**DATA FOR REVIEW**
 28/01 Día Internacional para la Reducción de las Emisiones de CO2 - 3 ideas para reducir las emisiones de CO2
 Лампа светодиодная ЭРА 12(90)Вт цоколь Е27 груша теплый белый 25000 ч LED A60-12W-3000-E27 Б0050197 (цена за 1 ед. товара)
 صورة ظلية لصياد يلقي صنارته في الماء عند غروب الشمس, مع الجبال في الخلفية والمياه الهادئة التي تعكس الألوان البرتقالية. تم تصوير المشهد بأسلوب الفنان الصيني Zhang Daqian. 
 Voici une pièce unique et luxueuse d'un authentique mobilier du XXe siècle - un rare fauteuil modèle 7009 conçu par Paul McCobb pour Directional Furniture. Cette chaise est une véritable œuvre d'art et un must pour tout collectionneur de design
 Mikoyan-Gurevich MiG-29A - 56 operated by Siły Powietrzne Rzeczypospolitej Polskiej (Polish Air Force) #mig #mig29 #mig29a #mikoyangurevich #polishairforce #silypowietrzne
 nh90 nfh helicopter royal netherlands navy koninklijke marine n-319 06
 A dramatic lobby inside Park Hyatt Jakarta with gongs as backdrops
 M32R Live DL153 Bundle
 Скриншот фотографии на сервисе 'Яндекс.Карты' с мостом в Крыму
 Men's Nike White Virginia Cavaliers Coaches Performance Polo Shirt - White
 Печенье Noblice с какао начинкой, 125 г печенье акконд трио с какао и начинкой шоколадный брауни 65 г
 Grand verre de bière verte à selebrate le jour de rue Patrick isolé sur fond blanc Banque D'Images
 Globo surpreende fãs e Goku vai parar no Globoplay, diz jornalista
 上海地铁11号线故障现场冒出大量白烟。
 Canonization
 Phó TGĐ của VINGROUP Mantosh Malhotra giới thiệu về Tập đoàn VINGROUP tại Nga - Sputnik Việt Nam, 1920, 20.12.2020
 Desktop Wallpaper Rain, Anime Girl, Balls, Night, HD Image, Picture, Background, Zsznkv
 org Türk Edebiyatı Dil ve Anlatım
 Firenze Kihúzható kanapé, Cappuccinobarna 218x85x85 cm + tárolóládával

**WORK TASK**
Each entry needs to be given again exactly as it stands.

**FINISHED EXERCISE**
 28/01 Día Internacional para la Reducción de las Emisiones de CO2 - 3 ideas para reducir las emisiones de CO2
 Лампа светодиодная ЭРА 12(90)Вт цоколь Е27 груша теплый белый 25000 ч LED A60-12W-3000-E27 Б0050197 (цена за 1 ед. товара)
 صورة ظلية لصياد يلقي صنارته في الماء عند غروب الشمس, مع الجبال في الخلفية والمياه الهادئة التي تعكس الألوان البرتقالية. تم تصوير المشهد بأسلوب الفنان الصيني Zhang Daqian. 
 Voici une pièce unique et luxueuse d'un authentique mobilier du XXe siècle - un rare fauteuil modèle 7009 conçu par Paul McCobb pour Directional Furniture. Cette chaise est une véritable œuvre d'art et un must pour tout collectionneur de design
 Mikoyan-Gurevich MiG-29A - 56 operated by Siły Powietrzne Rzeczypospolitej Polskiej (Polish Air Force) #mig #mig29 #mig29a #mikoyangurevich #polishairforce #silypowietrzne
 nh90 nfh helicopter royal netherlands navy koninklijke marine n-319 06
 A dramatic lobby inside Park Hyatt Jakarta with gongs as backdrops
 M32R Live DL153 Bundle
 Скриншот фотографии на сервисе 'Яндекс.Карты' с мостом в Крыму
 Men's Nike White Virginia Cavaliers Coaches Performance Polo Shirt - White
 Печенье Noblice с какао начинкой, 125 г печенье акконд трио с какао и начинкой шоколадный брауни 65 г
 Grand verre de bière verte à selebrate le jour de rue Patrick isolé sur fond blanc Banque D'Images
 Globo surpreende fãs e Goku vai parar no Globoplay, diz jornalista
 上海地铁11号线故障现场冒出大量白烟。
 Canonization
 Phó TGĐ của VINGROUP Mantosh Malhotra giới thiệu về Tập đoàn VINGROUP tại Nga - Sputnik Việt Nam, 1920, 20.12.2020
 Desktop Wallpaper Rain, Anime Girl, Balls, Night, HD Image, Picture, Background, Zsznkv
 org Türk Edebiyatı Dil ve Anlatım
 Firenze Kihúzható kanapé, Cappuccinobarna 218x85x85 cm + tárolóládával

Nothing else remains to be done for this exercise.